Before we got down to the socializing and eating, Nooria and Asad took us across the street, behind an intact wall, to visit the "homes" of half a dozen families of squatters. It was all I could do to keep from weeping. Their walls were rags stitched together. The ceilings were sticks gathered together covered with pieces of plastic. Caked in dirt, the children, nonetheless, were so beautiful. Many had those greenish-blue eyes of that haunting photograph of an Afghan woman on the famous cover of a National Geographic 30 years ago. There were so many of them and they had so little. It was an oppressively sad scene. What paltry income they make is from crafting intricate birdcages and embroidering for Nooria. She does her best to sell their wares for them.

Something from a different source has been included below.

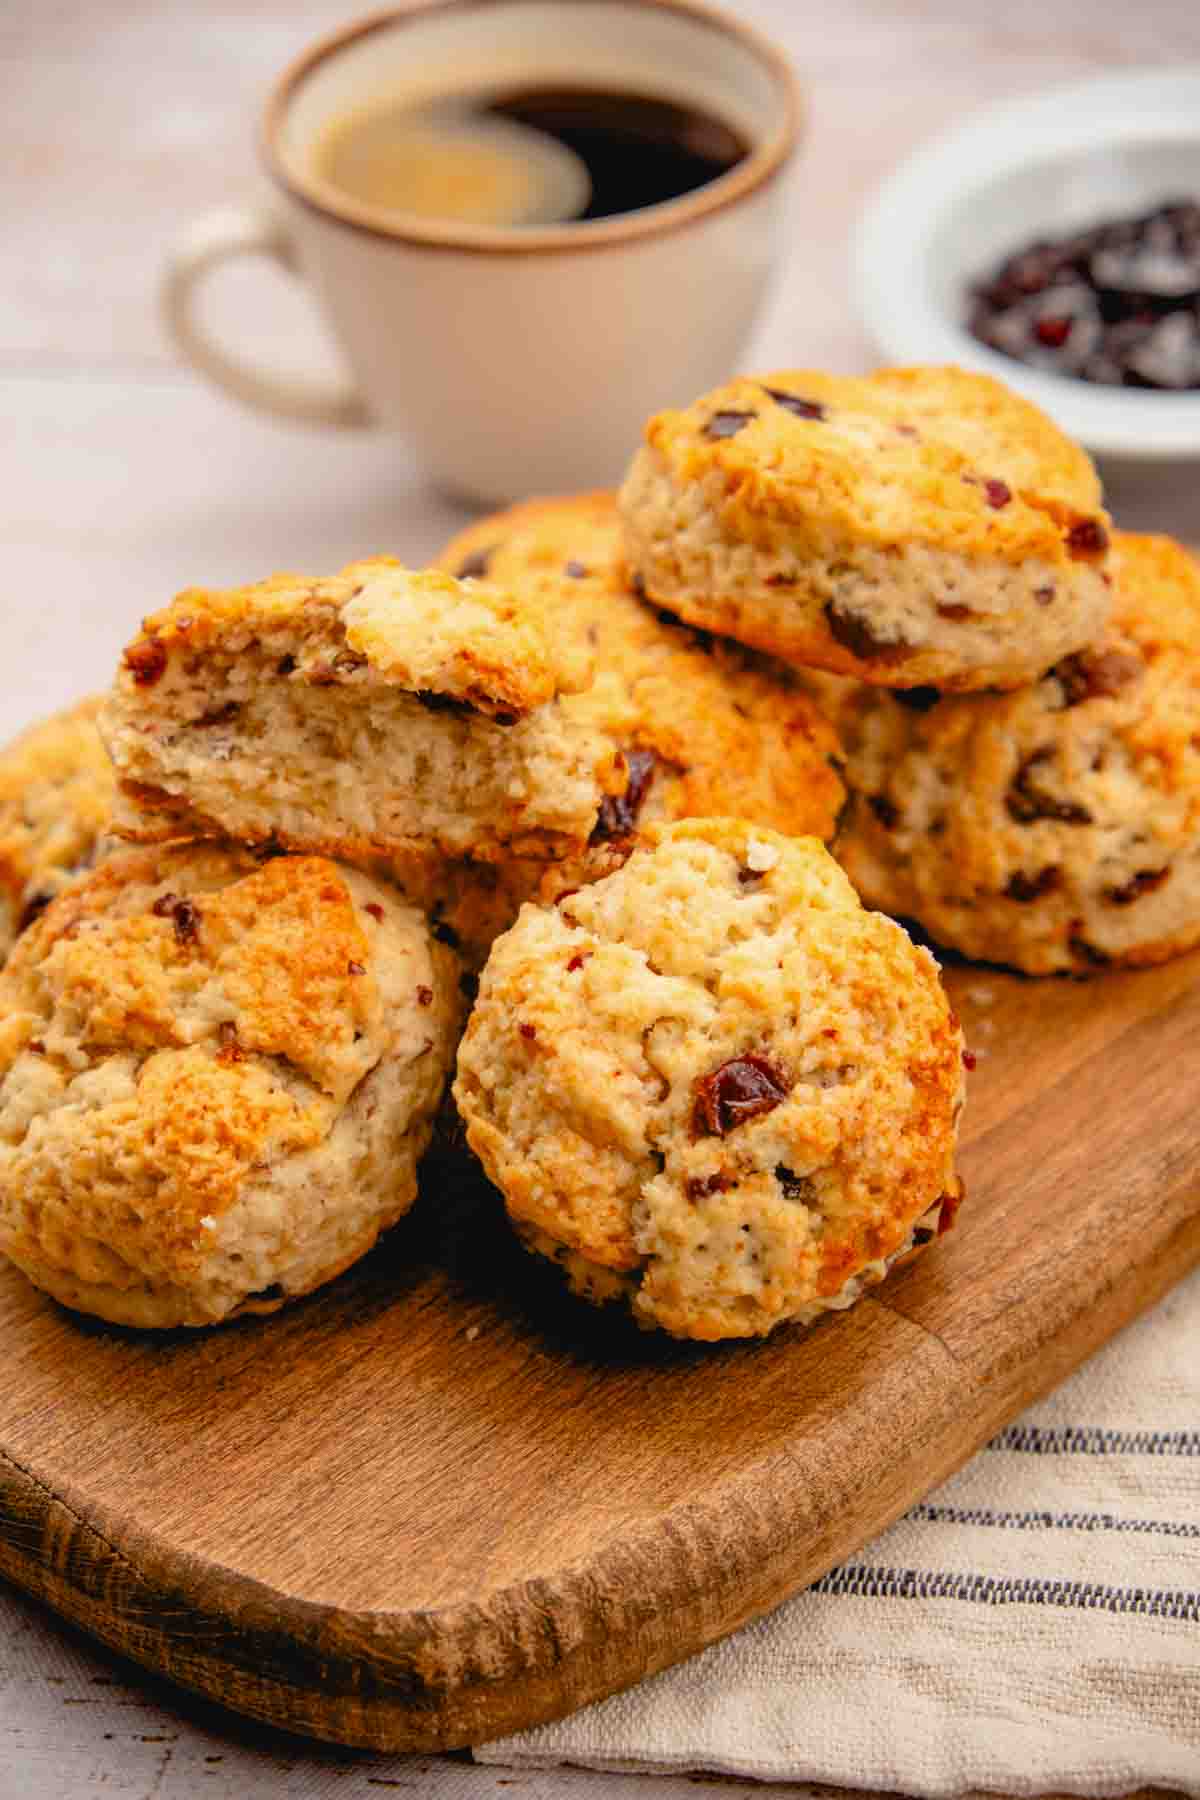 Scones made with chopped and pitted dates served on a wooden platter. A cup of coffee and a bowl of dates are visible in the background.

Back across the divide, we entered Nooria's and Asad's compound with its lush garden and lawn. As the guests arrived, it seemed that each was as interesting as the last. Among them were a member of the royal family who was jailed when the Communists took over and her husband who is a close advisor to Karzai; Karzai's non-drug dealer brother, Mahmoud; the Minister of Transportation and Urban Affairs (or something like that), the Minister of Agriculture, the Minister of Finance, a few black-cloaked businessmen, and lots of other fascinating figures. What an education! The now common theme was repeated throughout the night: security and education--then economic development.